Can Someone Please give me some good example and relationship between the kafka params maxPollRecords and autoCommitEnable in Kafka.
There is no relationship as such between them . Let me explain the two configs to you.
In Kafka there are two ways a consumer can commit offsets -
1.Manual Offset Commit - where the responsibility of committing offsets lies with the developer.
2.Enable Auto Commit- This is where the Kafka consumer takes the responsibility of committing offsets for you. How it works is, on every poll() call you make on the consumer , it is checked whether it is time to commit the offset ( this is dictated by auto.commit.interval.ms configuration), if it is time, it commits the offset.
For example - Suppose the auto.commit.interval.ms is set to 7 secs and every call to poll() takes 8 secs. So on a particular call to poll(), it will check, if the time to commit offset has elapsed , which in this example would have , then it will commit the offsets fetched from the previous poll.
Offsets are also committed during the closing of a consumer.
Here are some links you can look at -
https://kafka.apache.org/documentation/#consumerconfigs
https://kafka.apache.org/11/javadoc/org/apache/kafka/clients/consumer/KafkaConsumer.html
Does kafka lose message if consumer holds message longer then auto commit interval time?
Now , onto Max.poll.records. By, this configuration, you can tell the kafka consumer, what are the maximum number of records , you would like it return on a single call to poll(). Note you will generally not change the defaults for this , unless your record processing is slow , and you want to ensure that your consumer is not considered dead , because of the slowness of processing too many records.

Does kafka lose message if consumer holds message longer then auto commit interval time?
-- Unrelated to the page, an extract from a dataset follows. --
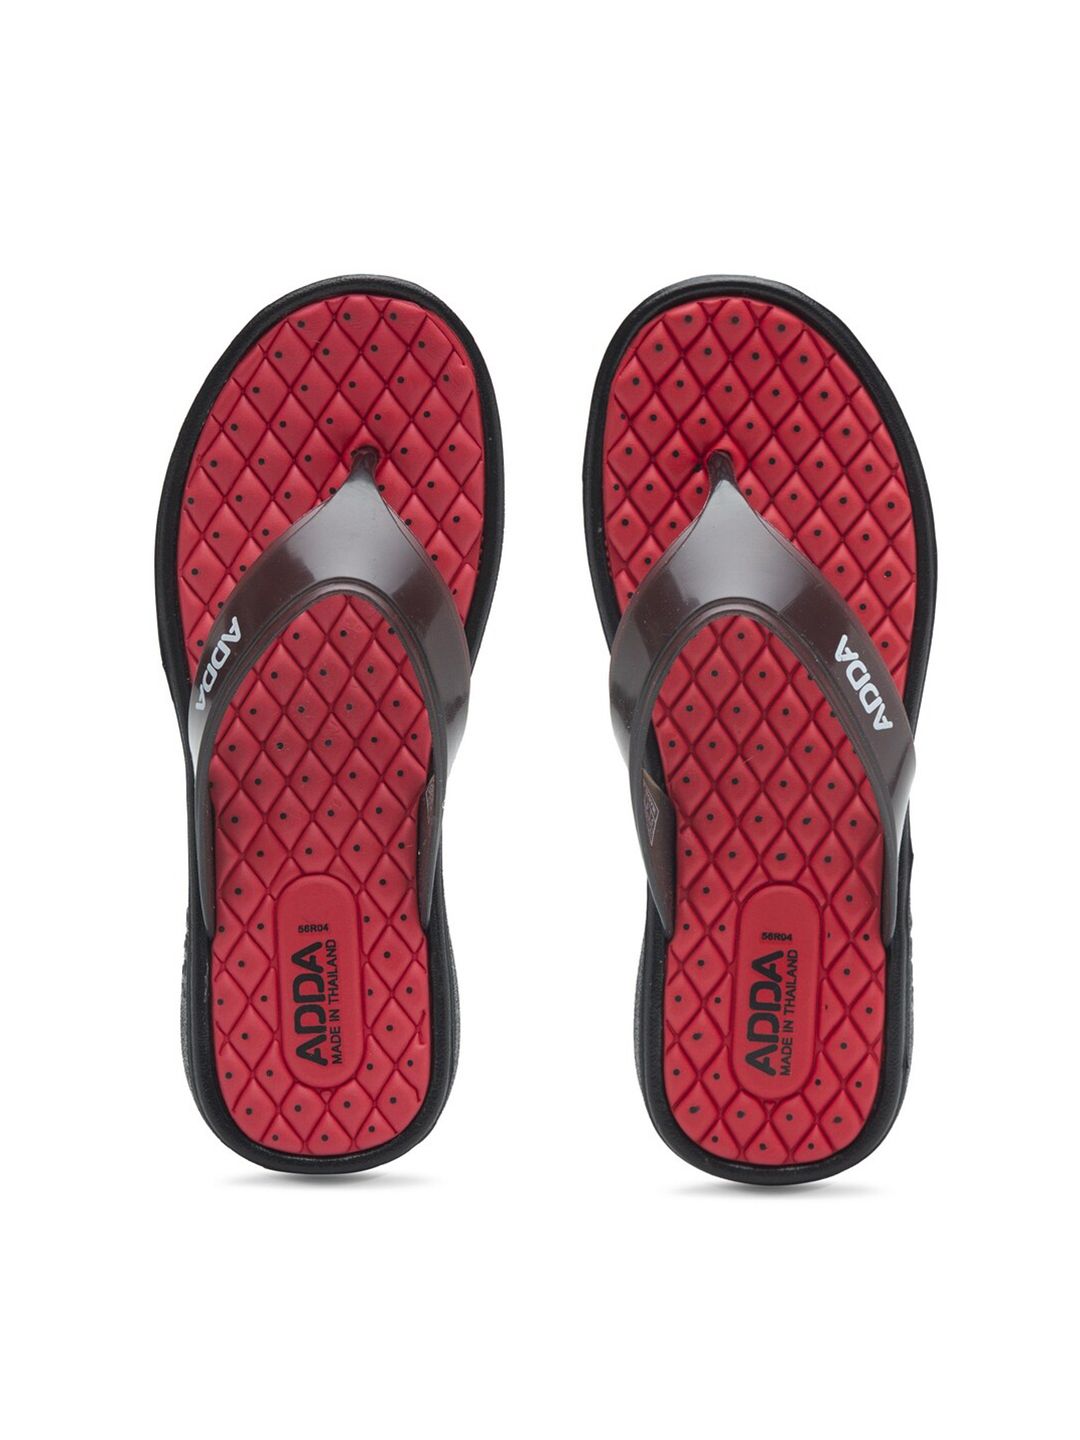 Adda Women Red & Brown Rubber Thong Flip-Flops Price in India

Say if auto-commit interval time is 30 seconds, consumer for some reasons could not process the message and hold it longer than 30 seconds then crash. does the auto-commit offset mechanism commits this offset anyway right before consumer crash?
If my assumption is correct, the message is lost as its offset committed but the message itself has not been processed?
Lets consider your Consumer group name is Test and you have a single consumer in the Consumer Group.
When Auto-Commit is enabled, offsets are committed only during poll() calls and during closing of a consumer.
For example- auto.commit.interval.ms is 5 secs, and every call to poll() takes 7 secs. When making every call to poll(), it will check if the auto commit interval has elapsed, if it has, like in the above example, it will commit the offset.
Offsets are also committed during closing of a consumer.
From the documentation -
"Close the consumer, waiting for up to the default timeout of 30 seconds for any needed cleanup. If auto-commit is enabled, this will commit the current offsets if possible within the default timeout".
You can read more about it here -
https://kafka.apache.org/10/javadoc/index.html?org/apache/kafka/clients/consumer/KafkaConsumer.html
Now, onto your question, if poll() is not called again or consumer is not closed, it won't commit the offset.
If the Consumer receives message N, commits it and then crashes before having fully processed it then by default the Consumer will considered this message processed.
Note that the message is still on the broker, so it can be re-consumed to be processed. But that require some logic in your application to not only restart from last committed position but also check if previous records were processed successfully.
If your application typically takes a long time to process messages, maybe you want to switch to manual commit instead of auto. That way you'll be able to better control when you commit and avoid this issue.